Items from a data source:
Content starts
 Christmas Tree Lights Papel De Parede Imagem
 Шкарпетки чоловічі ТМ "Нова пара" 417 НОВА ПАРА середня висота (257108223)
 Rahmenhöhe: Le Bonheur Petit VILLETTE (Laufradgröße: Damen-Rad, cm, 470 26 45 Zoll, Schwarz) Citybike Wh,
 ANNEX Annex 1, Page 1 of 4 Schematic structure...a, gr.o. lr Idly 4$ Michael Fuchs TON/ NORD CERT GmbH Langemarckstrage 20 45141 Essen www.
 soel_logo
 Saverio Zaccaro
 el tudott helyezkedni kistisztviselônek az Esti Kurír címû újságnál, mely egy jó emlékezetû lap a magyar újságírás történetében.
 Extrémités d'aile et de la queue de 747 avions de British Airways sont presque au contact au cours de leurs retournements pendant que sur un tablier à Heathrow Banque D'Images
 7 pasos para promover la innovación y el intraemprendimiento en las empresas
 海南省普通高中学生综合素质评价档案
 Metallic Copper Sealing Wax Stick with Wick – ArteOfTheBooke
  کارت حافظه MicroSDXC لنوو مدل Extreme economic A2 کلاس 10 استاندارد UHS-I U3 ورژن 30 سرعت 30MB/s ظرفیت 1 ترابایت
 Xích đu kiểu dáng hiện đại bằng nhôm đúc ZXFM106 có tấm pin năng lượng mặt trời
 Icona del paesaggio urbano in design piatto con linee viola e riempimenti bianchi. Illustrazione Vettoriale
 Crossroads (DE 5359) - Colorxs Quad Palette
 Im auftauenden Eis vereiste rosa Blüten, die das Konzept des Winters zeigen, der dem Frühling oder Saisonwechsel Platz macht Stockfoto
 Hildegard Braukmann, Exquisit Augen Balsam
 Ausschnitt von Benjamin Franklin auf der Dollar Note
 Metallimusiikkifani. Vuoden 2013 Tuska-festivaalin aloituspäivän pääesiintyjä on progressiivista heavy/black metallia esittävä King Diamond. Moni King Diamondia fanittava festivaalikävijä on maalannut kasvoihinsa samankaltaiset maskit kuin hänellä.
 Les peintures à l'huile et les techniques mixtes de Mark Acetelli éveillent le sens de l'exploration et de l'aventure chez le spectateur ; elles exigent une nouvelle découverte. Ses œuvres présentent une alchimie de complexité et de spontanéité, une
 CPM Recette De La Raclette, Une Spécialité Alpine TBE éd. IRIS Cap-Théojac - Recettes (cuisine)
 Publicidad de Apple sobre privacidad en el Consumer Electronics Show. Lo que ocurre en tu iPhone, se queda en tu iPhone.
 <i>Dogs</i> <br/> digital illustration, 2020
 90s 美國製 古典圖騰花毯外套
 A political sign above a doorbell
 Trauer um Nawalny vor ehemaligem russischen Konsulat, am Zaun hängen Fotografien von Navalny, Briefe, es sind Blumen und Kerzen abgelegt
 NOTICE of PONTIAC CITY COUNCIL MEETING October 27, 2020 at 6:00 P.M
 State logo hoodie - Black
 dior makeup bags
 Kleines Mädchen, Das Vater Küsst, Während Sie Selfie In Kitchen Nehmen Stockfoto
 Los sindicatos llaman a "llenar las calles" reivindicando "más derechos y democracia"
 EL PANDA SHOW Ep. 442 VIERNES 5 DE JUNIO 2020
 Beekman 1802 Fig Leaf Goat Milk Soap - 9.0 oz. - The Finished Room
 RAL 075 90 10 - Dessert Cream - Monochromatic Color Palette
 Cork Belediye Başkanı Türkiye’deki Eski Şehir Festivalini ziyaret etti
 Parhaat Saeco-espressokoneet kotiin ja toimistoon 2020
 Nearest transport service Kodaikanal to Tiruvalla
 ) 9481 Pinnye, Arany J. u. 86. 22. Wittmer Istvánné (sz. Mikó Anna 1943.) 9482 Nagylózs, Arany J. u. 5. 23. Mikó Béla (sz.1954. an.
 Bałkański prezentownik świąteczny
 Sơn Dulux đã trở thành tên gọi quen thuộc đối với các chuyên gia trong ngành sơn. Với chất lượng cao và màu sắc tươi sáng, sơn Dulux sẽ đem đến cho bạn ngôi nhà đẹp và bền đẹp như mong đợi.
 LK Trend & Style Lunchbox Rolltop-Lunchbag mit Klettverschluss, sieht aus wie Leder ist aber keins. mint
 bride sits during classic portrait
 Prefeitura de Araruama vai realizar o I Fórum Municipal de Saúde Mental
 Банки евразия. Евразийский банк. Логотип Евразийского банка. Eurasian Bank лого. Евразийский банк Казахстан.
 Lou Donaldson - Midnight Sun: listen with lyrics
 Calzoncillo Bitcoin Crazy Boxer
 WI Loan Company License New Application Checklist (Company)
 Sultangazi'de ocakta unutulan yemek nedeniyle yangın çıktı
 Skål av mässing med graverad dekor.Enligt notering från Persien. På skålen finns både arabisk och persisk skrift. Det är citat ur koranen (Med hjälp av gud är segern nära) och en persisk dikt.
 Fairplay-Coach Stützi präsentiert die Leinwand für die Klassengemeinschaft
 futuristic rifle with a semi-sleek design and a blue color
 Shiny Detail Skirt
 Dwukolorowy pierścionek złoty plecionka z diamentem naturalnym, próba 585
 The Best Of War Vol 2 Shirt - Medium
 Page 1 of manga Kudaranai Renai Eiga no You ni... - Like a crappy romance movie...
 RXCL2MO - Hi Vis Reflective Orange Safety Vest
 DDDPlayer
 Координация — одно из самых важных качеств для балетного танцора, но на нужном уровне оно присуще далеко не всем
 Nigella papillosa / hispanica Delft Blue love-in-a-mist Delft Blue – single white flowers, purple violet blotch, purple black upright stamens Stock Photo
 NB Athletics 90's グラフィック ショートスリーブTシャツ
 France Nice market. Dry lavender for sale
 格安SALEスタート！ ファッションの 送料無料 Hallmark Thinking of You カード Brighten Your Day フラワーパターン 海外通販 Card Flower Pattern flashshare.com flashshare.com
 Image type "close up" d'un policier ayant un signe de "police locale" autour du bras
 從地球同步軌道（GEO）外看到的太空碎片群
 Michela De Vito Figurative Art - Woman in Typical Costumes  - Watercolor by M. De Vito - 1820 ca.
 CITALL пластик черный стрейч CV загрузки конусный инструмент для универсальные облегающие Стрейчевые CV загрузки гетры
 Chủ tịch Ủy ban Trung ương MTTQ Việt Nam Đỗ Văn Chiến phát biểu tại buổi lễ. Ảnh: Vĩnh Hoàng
Content ends
(Aim of the task): Each line from the beginning of the entries to the line with "Ausschnitt von Benjamin" must be repeated exactly, with both end lines kept and no other lines given.

(Completed task):
 Christmas Tree Lights Papel De Parede Imagem
 Шкарпетки чоловічі ТМ "Нова пара" 417 НОВА ПАРА середня висота (257108223)
 Rahmenhöhe: Le Bonheur Petit VILLETTE (Laufradgröße: Damen-Rad, cm, 470 26 45 Zoll, Schwarz) Citybike Wh,
 ANNEX Annex 1, Page 1 of 4 Schematic structure...a, gr.o. lr Idly 4$ Michael Fuchs TON/ NORD CERT GmbH Langemarckstrage 20 45141 Essen www.
 soel_logo
 Saverio Zaccaro
 el tudott helyezkedni kistisztviselônek az Esti Kurír címû újságnál, mely egy jó emlékezetû lap a magyar újságírás történetében.
 Extrémités d'aile et de la queue de 747 avions de British Airways sont presque au contact au cours de leurs retournements pendant que sur un tablier à Heathrow Banque D'Images
 7 pasos para promover la innovación y el intraemprendimiento en las empresas
 海南省普通高中学生综合素质评价档案
 Metallic Copper Sealing Wax Stick with Wick – ArteOfTheBooke
  کارت حافظه MicroSDXC لنوو مدل Extreme economic A2 کلاس 10 استاندارد UHS-I U3 ورژن 30 سرعت 30MB/s ظرفیت 1 ترابایت
 Xích đu kiểu dáng hiện đại bằng nhôm đúc ZXFM106 có tấm pin năng lượng mặt trời
 Icona del paesaggio urbano in design piatto con linee viola e riempimenti bianchi. Illustrazione Vettoriale
 Crossroads (DE 5359) - Colorxs Quad Palette
 Im auftauenden Eis vereiste rosa Blüten, die das Konzept des Winters zeigen, der dem Frühling oder Saisonwechsel Platz macht Stockfoto
 Hildegard Braukmann, Exquisit Augen Balsam
 Ausschnitt von Benjamin Franklin auf der Dollar Note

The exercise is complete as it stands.